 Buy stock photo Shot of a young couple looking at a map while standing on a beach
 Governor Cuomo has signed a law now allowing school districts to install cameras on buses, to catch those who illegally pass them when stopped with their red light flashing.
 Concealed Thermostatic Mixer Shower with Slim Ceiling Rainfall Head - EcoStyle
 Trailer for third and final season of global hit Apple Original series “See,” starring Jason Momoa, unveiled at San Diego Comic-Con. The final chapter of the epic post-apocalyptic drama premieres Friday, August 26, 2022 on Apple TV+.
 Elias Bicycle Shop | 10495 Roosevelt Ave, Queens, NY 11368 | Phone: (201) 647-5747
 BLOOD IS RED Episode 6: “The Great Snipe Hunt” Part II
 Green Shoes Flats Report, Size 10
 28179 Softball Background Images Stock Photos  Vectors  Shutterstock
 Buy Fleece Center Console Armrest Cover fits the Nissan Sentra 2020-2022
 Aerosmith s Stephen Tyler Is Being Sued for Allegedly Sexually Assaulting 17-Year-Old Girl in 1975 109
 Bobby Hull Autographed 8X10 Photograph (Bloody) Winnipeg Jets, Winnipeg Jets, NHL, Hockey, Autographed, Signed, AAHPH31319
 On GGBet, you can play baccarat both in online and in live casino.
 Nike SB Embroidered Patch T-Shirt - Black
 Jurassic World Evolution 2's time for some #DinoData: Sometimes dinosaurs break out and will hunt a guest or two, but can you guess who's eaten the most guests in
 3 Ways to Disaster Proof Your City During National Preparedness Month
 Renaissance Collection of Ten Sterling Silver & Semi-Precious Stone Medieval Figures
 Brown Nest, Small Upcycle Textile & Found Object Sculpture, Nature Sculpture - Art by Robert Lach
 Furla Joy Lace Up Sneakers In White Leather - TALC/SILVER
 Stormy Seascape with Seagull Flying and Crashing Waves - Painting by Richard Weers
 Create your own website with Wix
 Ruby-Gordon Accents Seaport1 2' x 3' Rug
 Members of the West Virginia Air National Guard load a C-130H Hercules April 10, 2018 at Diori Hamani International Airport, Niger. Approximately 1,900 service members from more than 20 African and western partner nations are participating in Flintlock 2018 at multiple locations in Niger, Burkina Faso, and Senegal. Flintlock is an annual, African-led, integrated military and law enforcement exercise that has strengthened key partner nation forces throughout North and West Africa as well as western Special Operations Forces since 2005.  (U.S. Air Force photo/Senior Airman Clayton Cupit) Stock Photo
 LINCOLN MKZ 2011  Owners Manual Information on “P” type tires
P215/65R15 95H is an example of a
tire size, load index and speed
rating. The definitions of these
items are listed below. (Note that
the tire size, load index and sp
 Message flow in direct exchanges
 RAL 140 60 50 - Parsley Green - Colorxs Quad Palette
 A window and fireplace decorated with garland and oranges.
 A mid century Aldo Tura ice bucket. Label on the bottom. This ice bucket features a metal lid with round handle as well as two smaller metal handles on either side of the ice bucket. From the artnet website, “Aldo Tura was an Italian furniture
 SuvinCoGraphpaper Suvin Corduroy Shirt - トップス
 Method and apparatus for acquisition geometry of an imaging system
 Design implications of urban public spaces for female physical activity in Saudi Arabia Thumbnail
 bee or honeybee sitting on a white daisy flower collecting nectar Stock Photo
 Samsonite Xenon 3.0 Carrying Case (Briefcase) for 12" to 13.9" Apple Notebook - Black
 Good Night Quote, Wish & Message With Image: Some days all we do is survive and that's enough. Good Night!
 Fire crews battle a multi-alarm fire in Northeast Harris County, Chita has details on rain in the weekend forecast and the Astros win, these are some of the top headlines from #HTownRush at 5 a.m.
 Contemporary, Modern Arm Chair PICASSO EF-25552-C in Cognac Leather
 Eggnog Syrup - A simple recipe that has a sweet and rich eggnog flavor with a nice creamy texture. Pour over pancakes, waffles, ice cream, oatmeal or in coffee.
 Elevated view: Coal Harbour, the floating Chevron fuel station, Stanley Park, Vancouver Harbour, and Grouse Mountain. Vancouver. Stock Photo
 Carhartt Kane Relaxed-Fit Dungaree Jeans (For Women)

☆ ☆ ☆ ☆ ☆ ☆ ☆

Aim of the task:
Your task is to quote the listing above word for word.

Reply:
 Buy stock photo Shot of a young couple looking at a map while standing on a beach
 Governor Cuomo has signed a law now allowing school districts to install cameras on buses, to catch those who illegally pass them when stopped with their red light flashing.
 Concealed Thermostatic Mixer Shower with Slim Ceiling Rainfall Head - EcoStyle
 Trailer for third and final season of global hit Apple Original series “See,” starring Jason Momoa, unveiled at San Diego Comic-Con. The final chapter of the epic post-apocalyptic drama premieres Friday, August 26, 2022 on Apple TV+.
 Elias Bicycle Shop | 10495 Roosevelt Ave, Queens, NY 11368 | Phone: (201) 647-5747
 BLOOD IS RED Episode 6: “The Great Snipe Hunt” Part II
 Green Shoes Flats Report, Size 10
 28179 Softball Background Images Stock Photos  Vectors  Shutterstock
 Buy Fleece Center Console Armrest Cover fits the Nissan Sentra 2020-2022
 Aerosmith s Stephen Tyler Is Being Sued for Allegedly Sexually Assaulting 17-Year-Old Girl in 1975 109
 Bobby Hull Autographed 8X10 Photograph (Bloody) Winnipeg Jets, Winnipeg Jets, NHL, Hockey, Autographed, Signed, AAHPH31319
 On GGBet, you can play baccarat both in online and in live casino.
 Nike SB Embroidered Patch T-Shirt - Black
 Jurassic World Evolution 2's time for some #DinoData: Sometimes dinosaurs break out and will hunt a guest or two, but can you guess who's eaten the most guests in
 3 Ways to Disaster Proof Your City During National Preparedness Month
 Renaissance Collection of Ten Sterling Silver & Semi-Precious Stone Medieval Figures
 Brown Nest, Small Upcycle Textile & Found Object Sculpture, Nature Sculpture - Art by Robert Lach
 Furla Joy Lace Up Sneakers In White Leather - TALC/SILVER
 Stormy Seascape with Seagull Flying and Crashing Waves - Painting by Richard Weers
 Create your own website with Wix
 Ruby-Gordon Accents Seaport1 2' x 3' Rug
 Members of the West Virginia Air National Guard load a C-130H Hercules April 10, 2018 at Diori Hamani International Airport, Niger. Approximately 1,900 service members from more than 20 African and western partner nations are participating in Flintlock 2018 at multiple locations in Niger, Burkina Faso, and Senegal. Flintlock is an annual, African-led, integrated military and law enforcement exercise that has strengthened key partner nation forces throughout North and West Africa as well as western Special Operations Forces since 2005.  (U.S. Air Force photo/Senior Airman Clayton Cupit) Stock Photo
 LINCOLN MKZ 2011  Owners Manual Information on “P” type tires
P215/65R15 95H is an example of a
tire size, load index and speed
rating. The definitions of these
items are listed below. (Note that
the tire size, load index and sp
 Message flow in direct exchanges
 RAL 140 60 50 - Parsley Green - Colorxs Quad Palette
 A window and fireplace decorated with garland and oranges.
 A mid century Aldo Tura ice bucket. Label on the bottom. This ice bucket features a metal lid with round handle as well as two smaller metal handles on either side of the ice bucket. From the artnet website, “Aldo Tura was an Italian furniture
 SuvinCoGraphpaper Suvin Corduroy Shirt - トップス
 Method and apparatus for acquisition geometry of an imaging system
 Design implications of urban public spaces for female physical activity in Saudi Arabia Thumbnail
 bee or honeybee sitting on a white daisy flower collecting nectar Stock Photo
 Samsonite Xenon 3.0 Carrying Case (Briefcase) for 12" to 13.9" Apple Notebook - Black
 Good Night Quote, Wish & Message With Image: Some days all we do is survive and that's enough. Good Night!
 Fire crews battle a multi-alarm fire in Northeast Harris County, Chita has details on rain in the weekend forecast and the Astros win, these are some of the top headlines from #HTownRush at 5 a.m.
 Contemporary, Modern Arm Chair PICASSO EF-25552-C in Cognac Leather
 Eggnog Syrup - A simple recipe that has a sweet and rich eggnog flavor with a nice creamy texture. Pour over pancakes, waffles, ice cream, oatmeal or in coffee.
 Elevated view: Coal Harbour, the floating Chevron fuel station, Stanley Park, Vancouver Harbour, and Grouse Mountain. Vancouver. Stock Photo
 Carhartt Kane Relaxed-Fit Dungaree Jeans (For Women)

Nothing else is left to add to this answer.